Snipa22 posted 7 years ago Weight: 0 | Link [ - ]

After a bit of discussion with a couple of involved parties, I'm currently reworking the pool to run on LMDB rather than InfluxDB and will be open-sourcing it once complete. It's the hope of those involved in this decision that we'll see pools run more readily and people will be more interested in running pools on their own, but we'll see! I'll keep this thread updated with status information in relation to this.

InfluxDB simply has too many issues at this point in time with queries not related directly to time, so it's not practical for the usage of a pool unfortunately. It's my hope that LMDB will fix a lot of this, and remove the heavy dependencies.

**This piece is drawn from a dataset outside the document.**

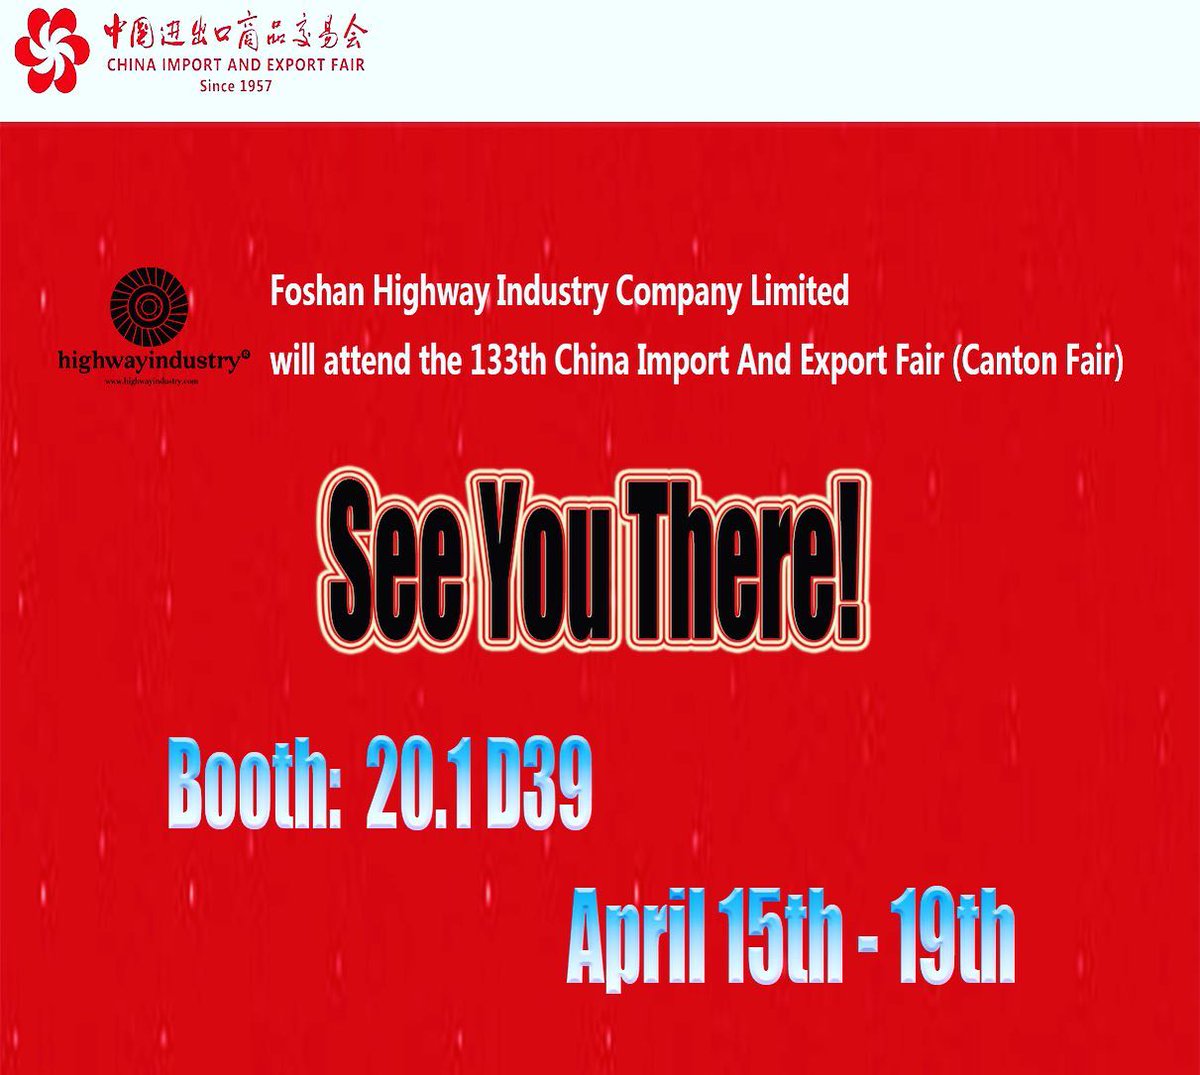 Foshan Highway Industry Company Limited will attend the 133th China Import And Export Fair (Canton Fair) on April 15th-19th. (booth：20.1 D39)I will see you there! #china #export #cantonfair #industrial #manufacturing #centrifugalfans #industrialfans

Snipa22 posted 7 years ago Weight: 0 | Link [ - ]

So I figured I'd throw this out there, with all the changes I've done at this time, I'm comfortable saying that I have a fairly mobile, agile pool source that supports PPS, PPLNS, Solo mining, Backed by LMDB for share storage and processing. MySQL for transaction (Payment) data. This is running on a small variety of servers at the moment, but by and large, could be run on <40$ VPS' without too much of an issue, assuming they have SSDs.

Per-miner stats are complete, no-frontend for them yet, Mesh00 is working on that, and is doing a fantastic job with it, as he's redone: https://xmrpool.net, which is our running reference copy of the code. We've done tests out to 3-4 Mh/s on a E3-1270 w/ 16Gb of ram (2gb used) for our leaf/pool code, the majority of that pain is from the Monero Daemon, as the system runs at .5 load while verifying shares.

Per-miner notifications with Email is complete, integration with MailGun (Free for low volume, so ideal), means easy integration of other e-mail notifications. Custom payout thresholds are on the todo list.

I'm currently torn between FFS'ing and simply open-sourcing the pool (Both routes lead to this, at least eventually). Ideally, I'd lean towards FFS as I would like to implement more features over time at the request of the community, it's a fairly fun little project, and the Trunk/Leaf design means that pools have impressive flexibility to deploy remote nodes to any variety of locations, while still handling shares in a safe, sane manner.

Xmrpool.net uses this all as reference code, and serves as a living testbed for this work.